NASA, this week, did award the California-based company Aerojet Rocketdyne a $67 million, 36-month contract to develop solar powered ion engines, which could extend mission life even longer than the highly efficient fuel powered ion engines aboard the BepiColombo.
For now, the T6 ion thrusters powering EAS’s BepiColombo trip, along with some help from solar-electric and chemical propellant thrusters, will be resourceful enough to steer the spacecraft for the entire seven-year mission, whereas scientists, in the past, have had to to rely on the slingshot method using a planet’s gravitational pull — The Martian style.
EAS’s mission is fast approaching and the agency just completed testing of the new T6 thrusters, which are the larger brother to the T5, this week. Patterson says NASA will also implement several ion-thruster based missions in the 2020s.

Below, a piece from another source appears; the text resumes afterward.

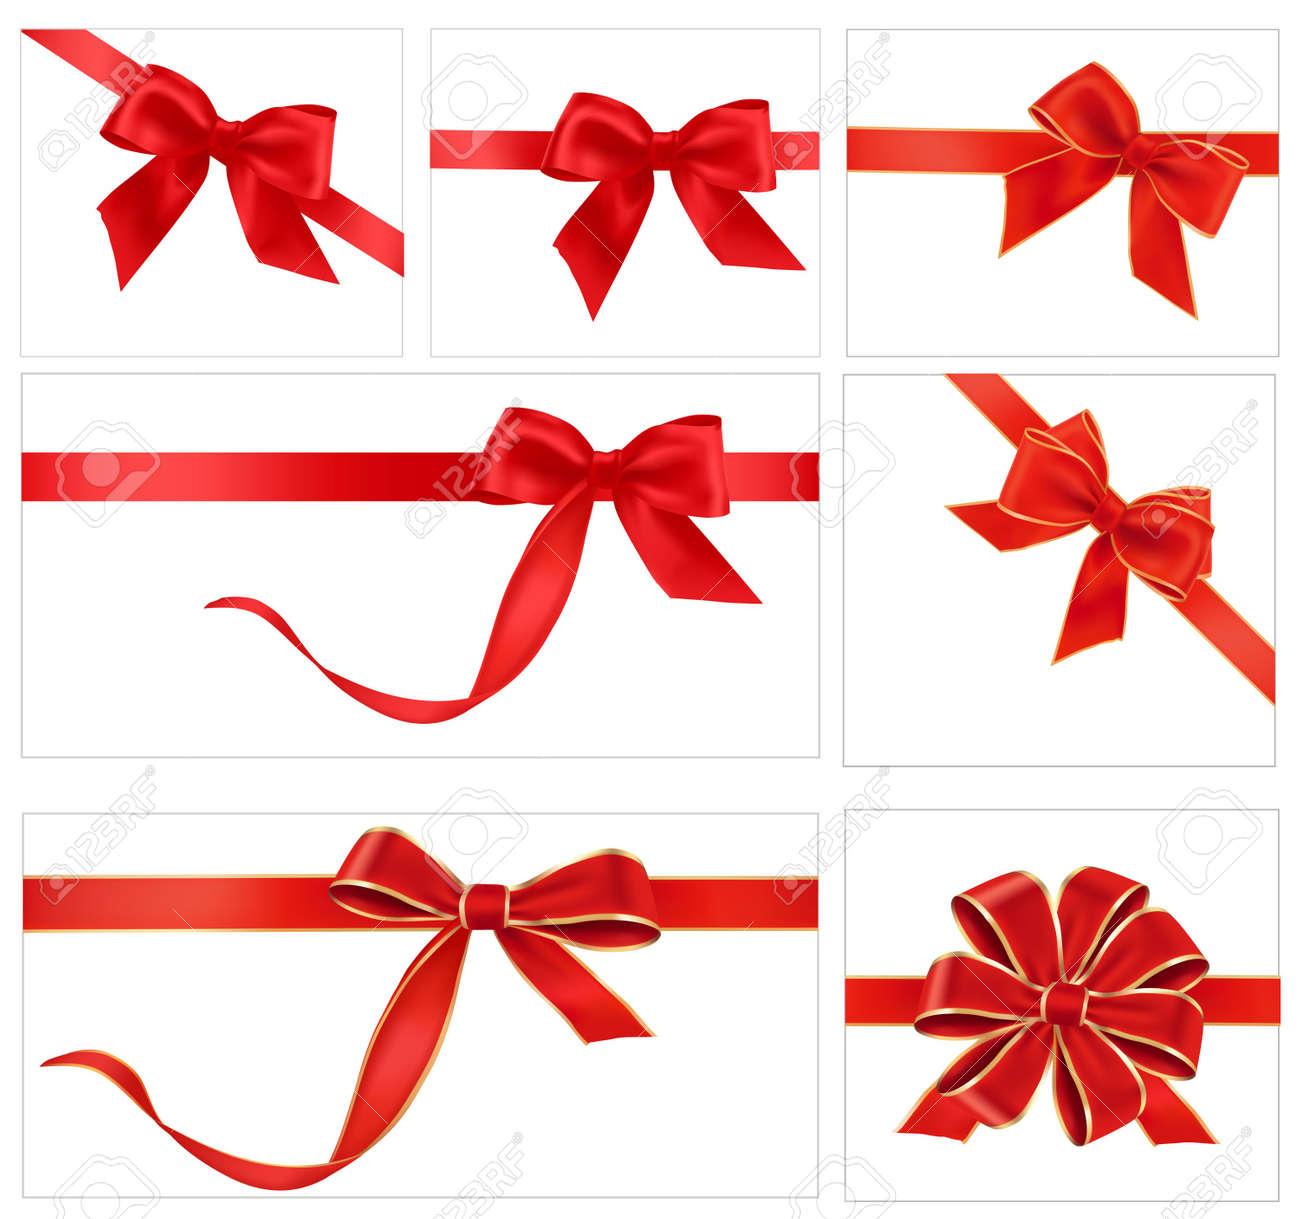 Бантик на подарок завязать

Patterson says NASA has already done orbital surveillance of all the “relatively easy” objects with chemical propulsion, but it will need ion systems to get to the higher value targets, such as smaller, farther reaching moons and asteroids that are harder to orbit without the steady corrective abilities of an ion thruster.
“Now, you’re getting to more interesting science like entering the orbits of the moons of Saturn or Jupiter or Mars and doing intriguing science where there’s potential for testing life elsewhere,” Patterson says. “Those are scientifically high value objectives but they are really hard to do from a propulsion standpoint.”